**WHAT IS EXPECTED:** What you return must be the full data, repeated verbatim, with no pictures in it.

**DATA:**

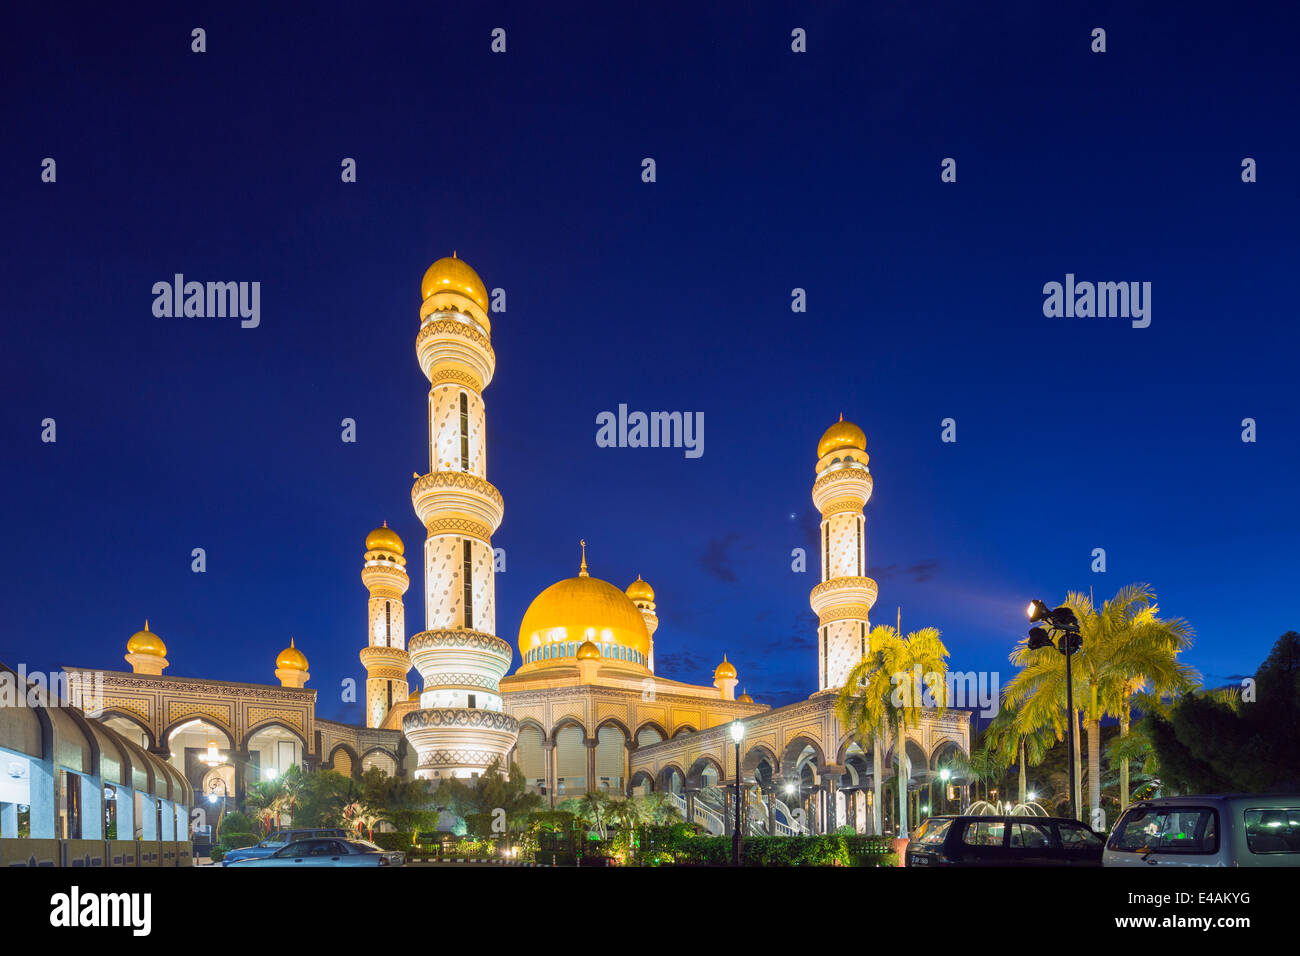 South East Asia, Kingdom of Brunei, Bandar Seri Begawan, Jame'asr Hassanal Bolkiah Mosque Stock Photo
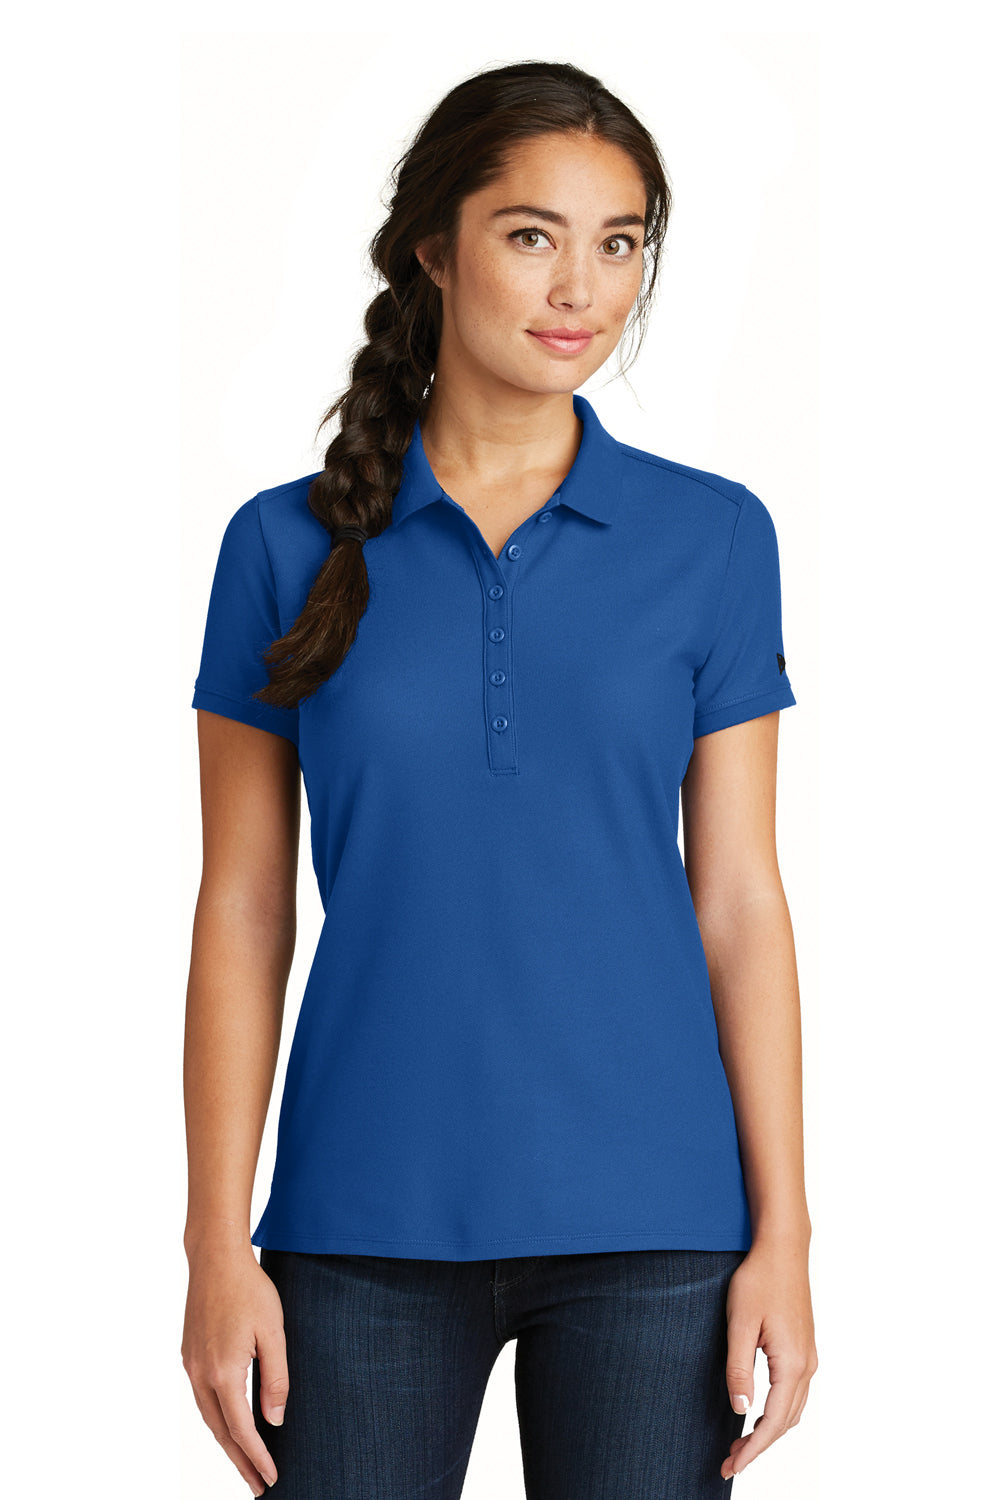 New Era LNEA300 Womens Venue Home Plate Moisture Wicking Short Sleeve Polo Shirt Royal Blue Front
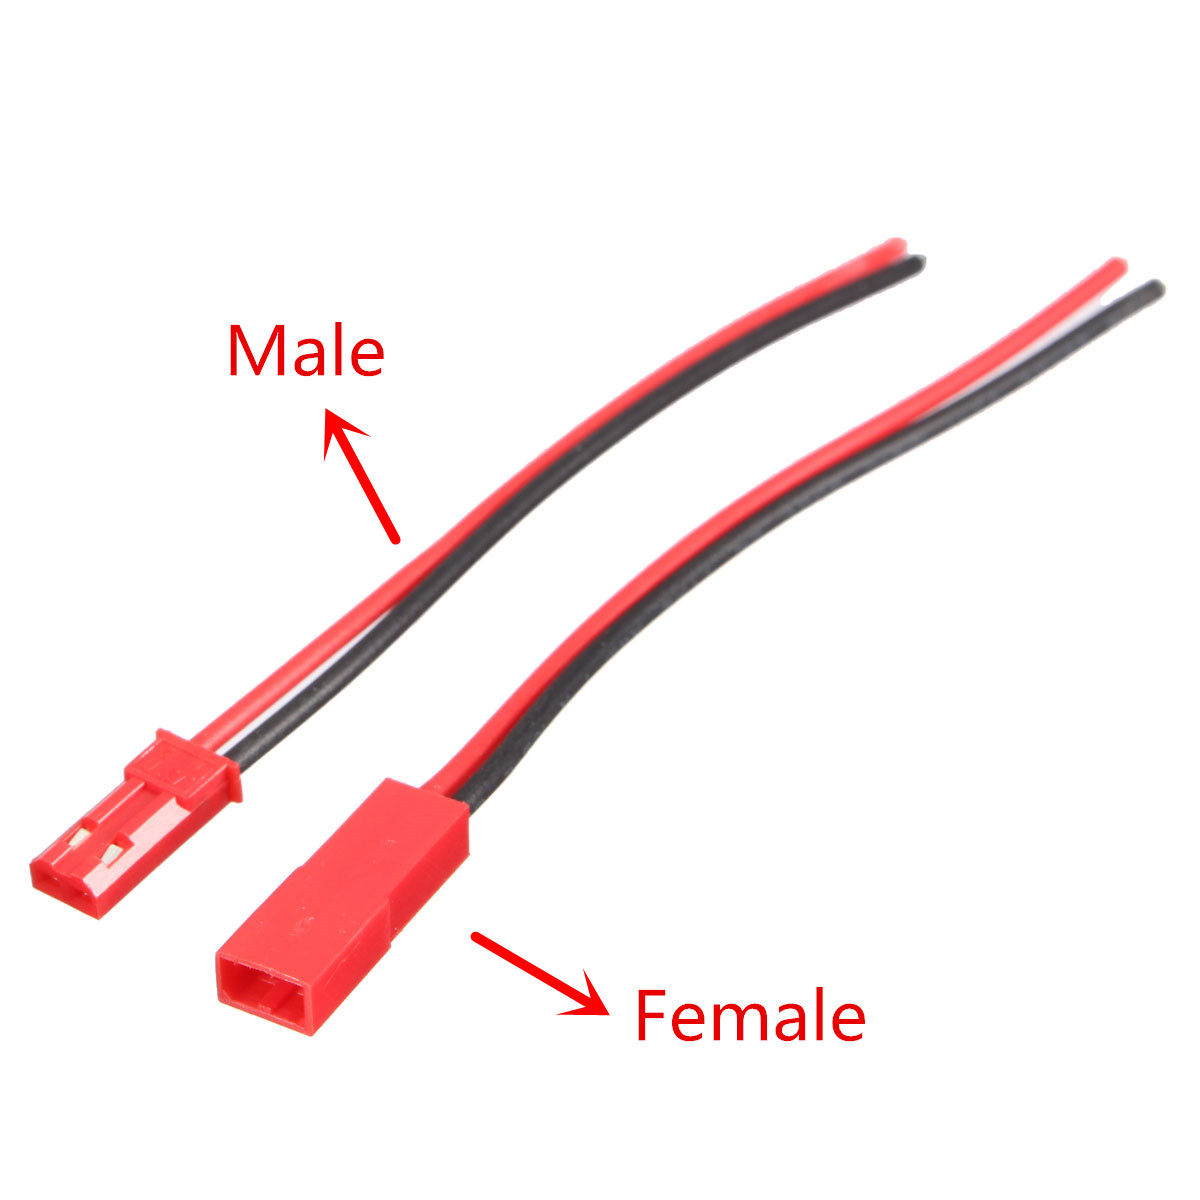 Male JST Connector Plug Cables

**EXPECTED ANSWER:**
 South East Asia, Kingdom of Brunei, Bandar Seri Begawan, Jame'asr Hassanal Bolkiah Mosque Stock Photo
 New Era LNEA300 Womens Venue Home Plate Moisture Wicking Short Sleeve Polo Shirt Royal Blue Front
 Male JST Connector Plug Cables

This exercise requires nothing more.